The result is usually a smoother negotiation where both sides are working toward the same goal (getting the loan closed in a way that works for everyone), rather than trying to “beat” each other.
TLDR: Playing the Long Game
Bringing game theory into the realm of mortgage lending doesn’t mean you need to crunch equations or play mind games with clients. It really boils down to a mindset of strategic empathy. You’re still the friendly, helpful professional you’ve always been, but now you’re also thinking a step ahead, considering the incentives and likely reactions in each situation.
- You’re recognizing when a situation could be win-win and striving for that.
- You’re aware of trust as a currency that appreciates over time.
- You’re planning not just for the immediate outcome, but for the next interaction and the one after that.
Should you match a competitor’s lower-rate offer? Game theory thinking helps you weigh the long-term payoff of a loyal client versus the short-term hit. How do you handle a client who seems hesitant? Instead of pressing harder (which might make them bolt), you might share more information and give them space, a move that builds trust and draws them closer. Basically, you start playing the long game, which in the mortgage business is the winning game.
At the end of the day, being an MLO is about relationships as much as numbers. If you treat each client interaction as part of a greater strategy of cooperation, mutual respect, and forward-thinking, you’ll not only close deals, you’ll build a network of clients and partners who are rooting for you and sending business your way.
That’s the payoff of applying a bit of game theory to your world... better decisions, stronger client partnerships, and a reputation that sets you up for continued success. And you don’t need a PhD or a Hollywood movie made about you to do that, just the willingness to think a few moves ahead and always consider the other player on the board.
Sources
- Investopedia – Ultimate Guide to Game Theory: Principles and Applications. Definition and overview of game theory as “the science of strategy,” including its use in business and negotiations.
- FasterCapital – The Basics of Game Theory and its Application to Credit Risk. Discusses zero-sum vs. non-zero-sum scenarios in lending; uses a lender-borrower interest rate negotiation as an example of a zero-sum game.
- Dover Blog (George Carollo) – The Game Theory of Recruiting. Illustrates how one-shot vs. repeated games affect trust and cooperation in business relationships. Demonstrates that moving from a one-off interaction to a repeated interaction (ongoing relationship) encourages a shift from a low-trust equilibrium to a cooperative win-win scenario.

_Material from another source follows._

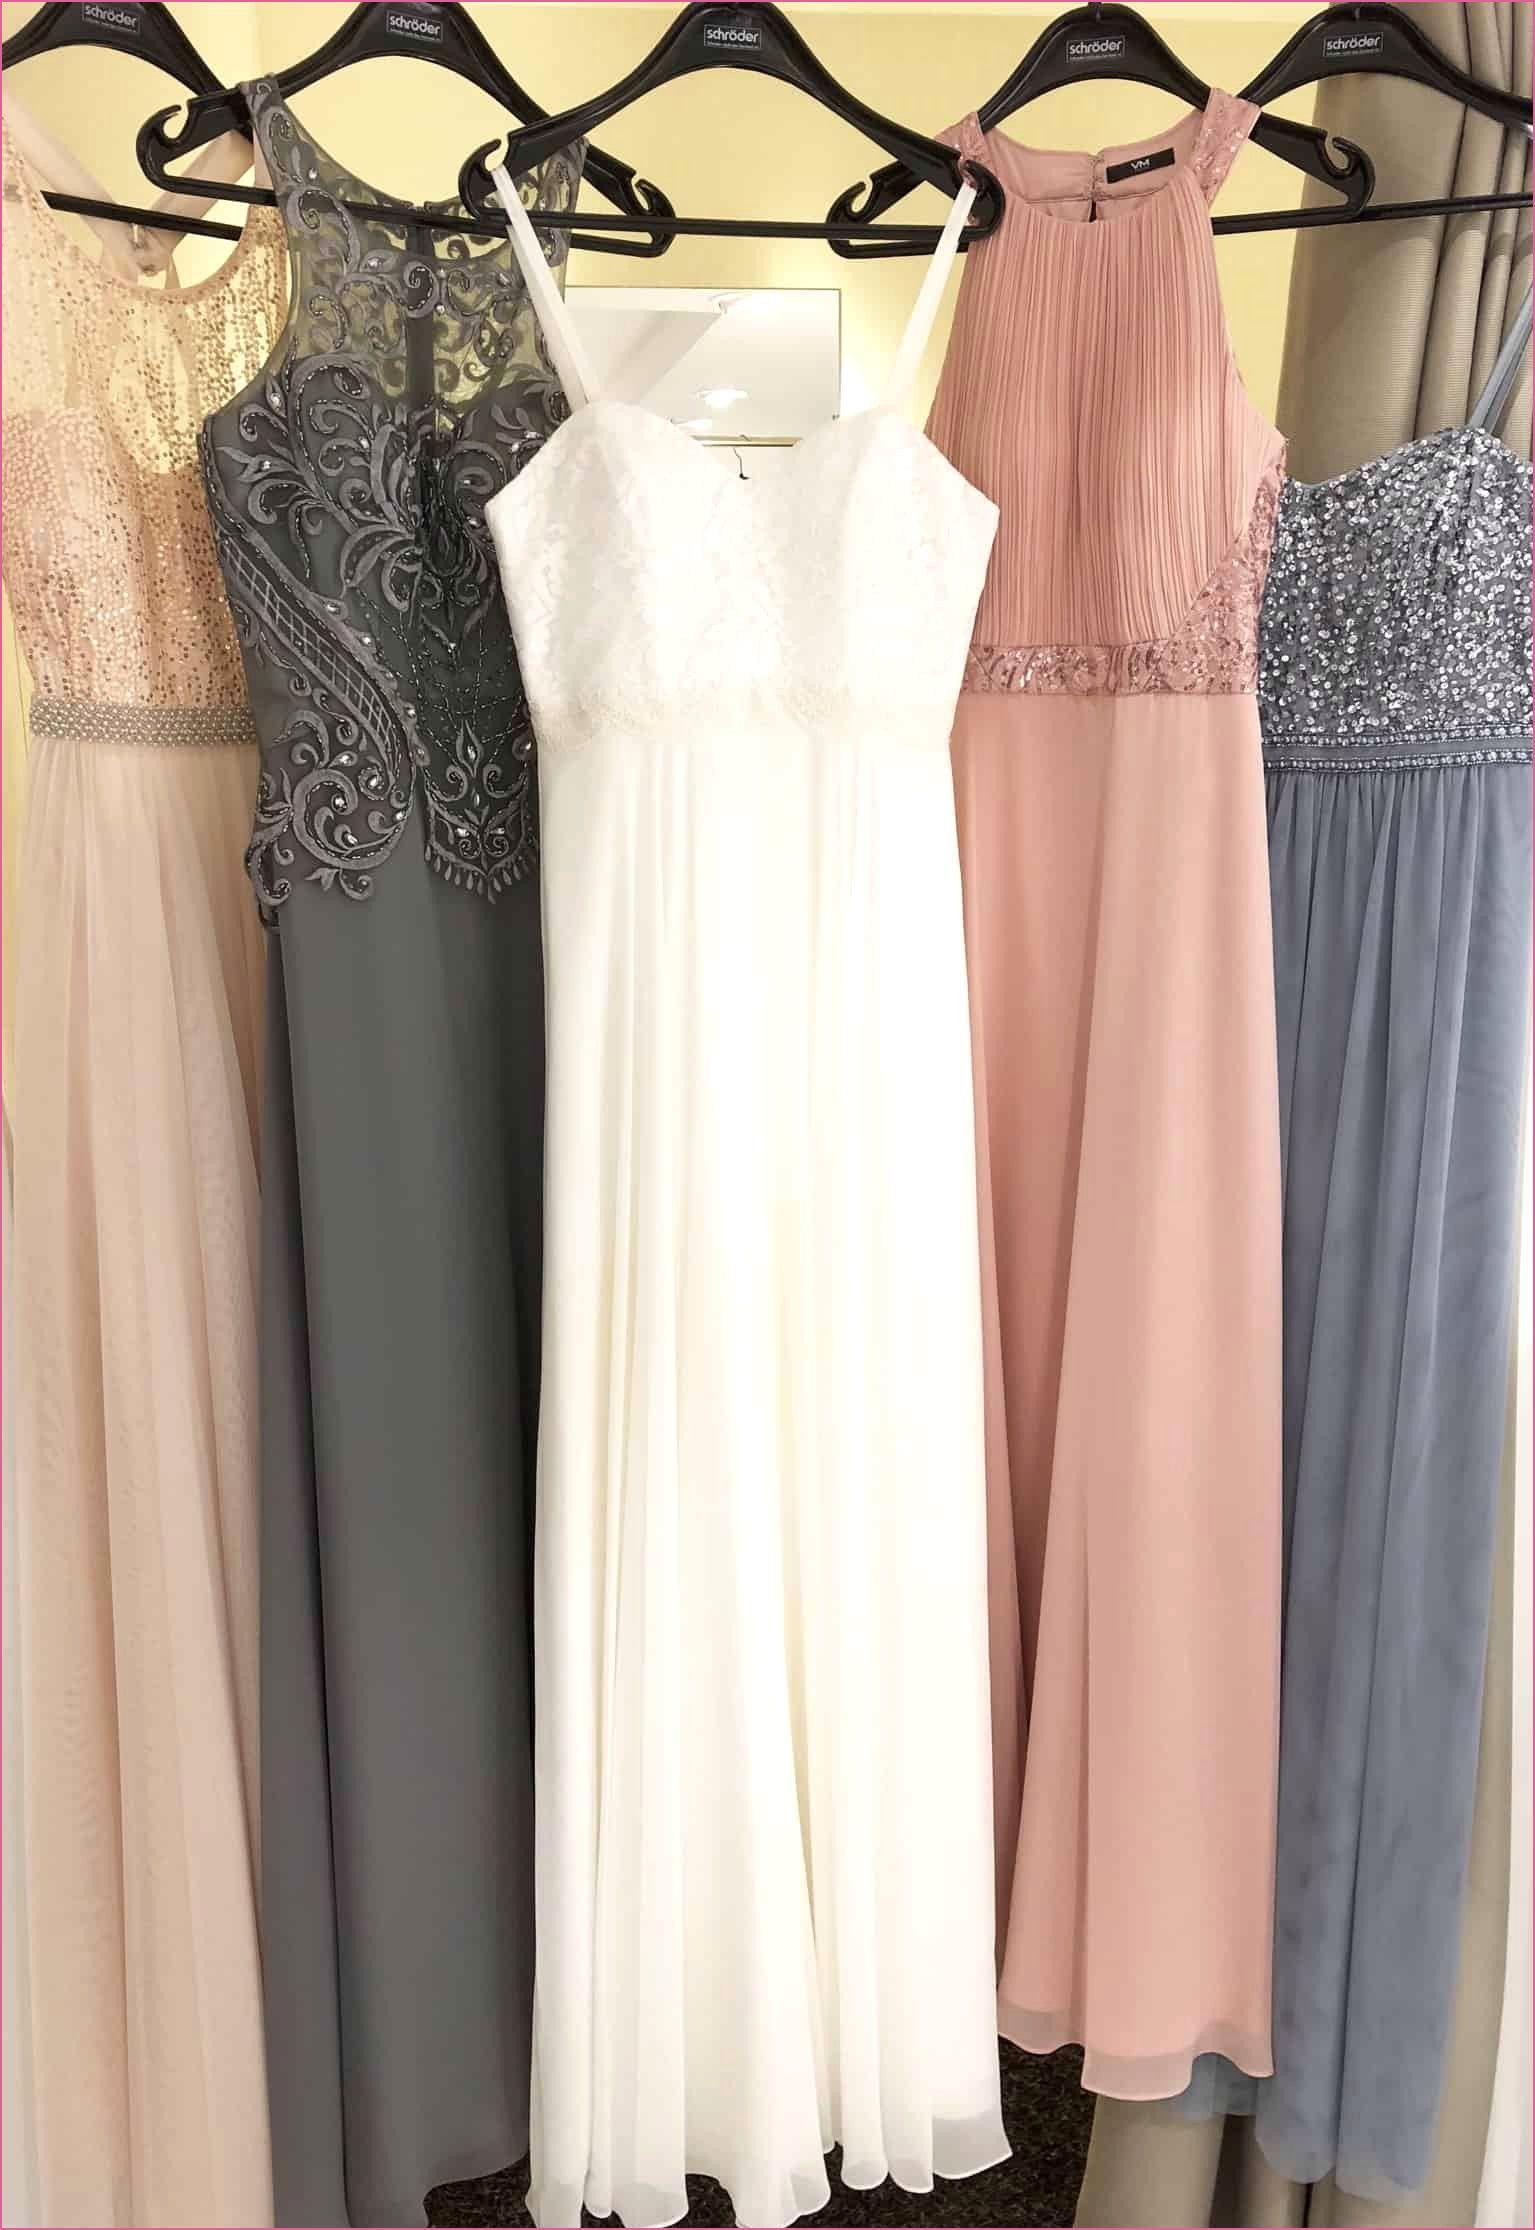 Kleid Standesamt Trauzeugin - - Kleid Standesamt Trauzeugin Kleid

- Ali Abbas Eren (Medium, Aug 2025) – Game Theory in Negotiation: A Step-by-Step Guide for Better Outcomes. Provides accessible explanations of game theory concepts like the prisoner’s dilemma, information asymmetry, and BATNA in negotiation contexts. Contains the example of two coffee shops undercutting each other (analogous to price wars) as a “both lose” outcome of not cooperating, and defines information asymmetry in deals. Also offers negotiation tips such as understanding your BATNA (best alternative) to strengthen your position.

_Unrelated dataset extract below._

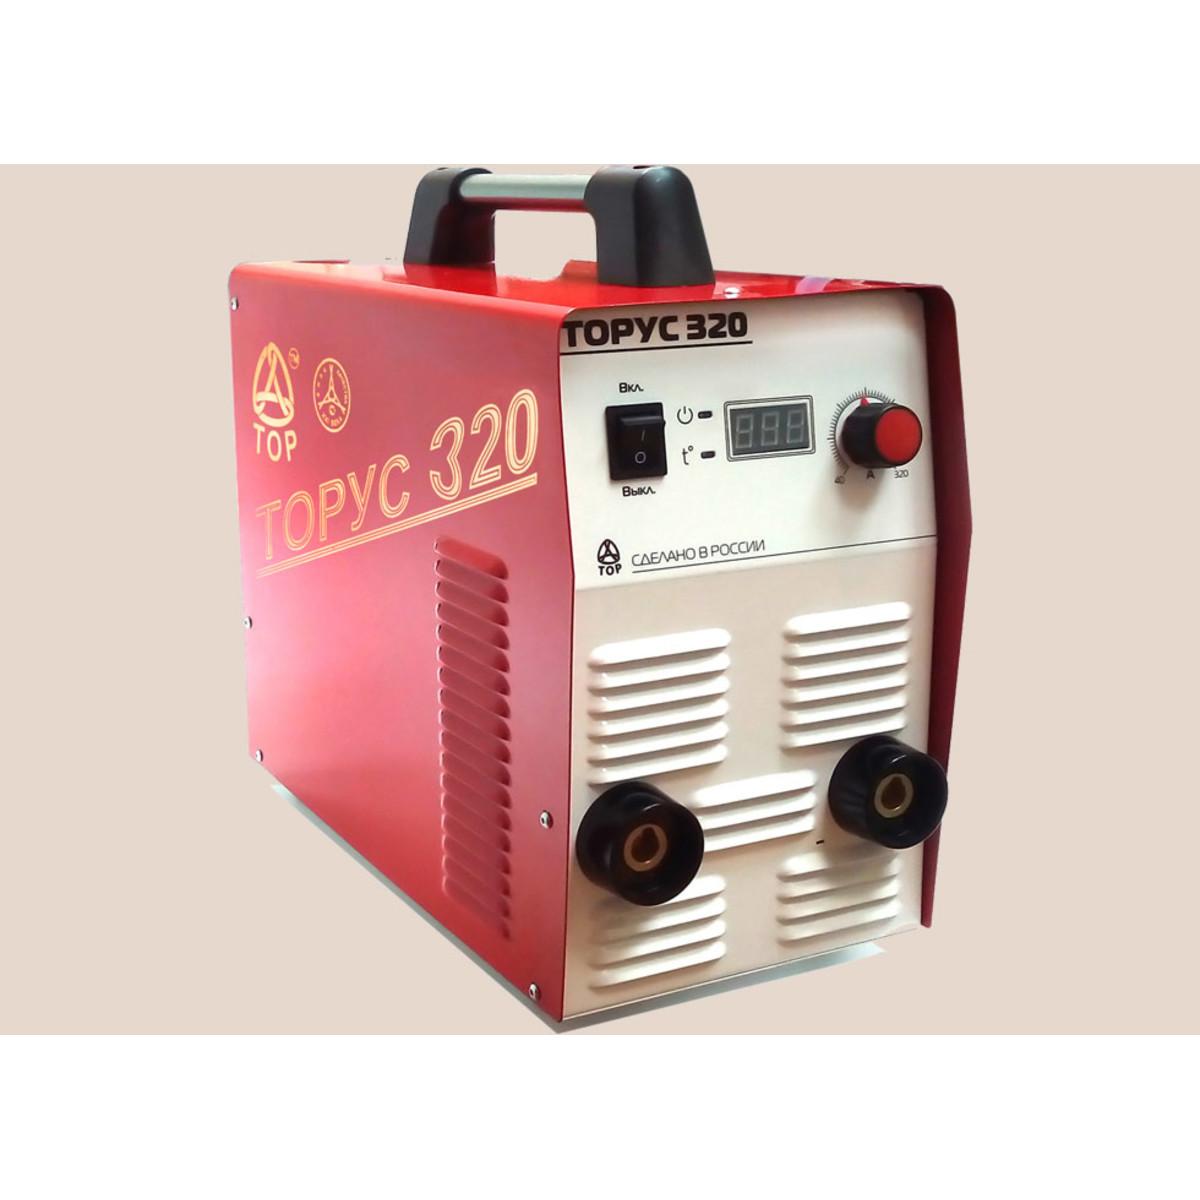 Дуговой Сварочный Инвертор Торус 320 + Комплект Проводов 95566037

- Chris De La Motte (Sonar Blog, Dec 2024) – Understanding Buyer Psychology: Essential Insights for Loan Originators. Emphasizes the importance of trust, honest communication, and empathy in client relationships for MLOs. Notes that trust is built through consistency, openness, and genuinely acting in the client’s best interest, and that this honesty and transparency can lead to repeat business and referrals in the long run.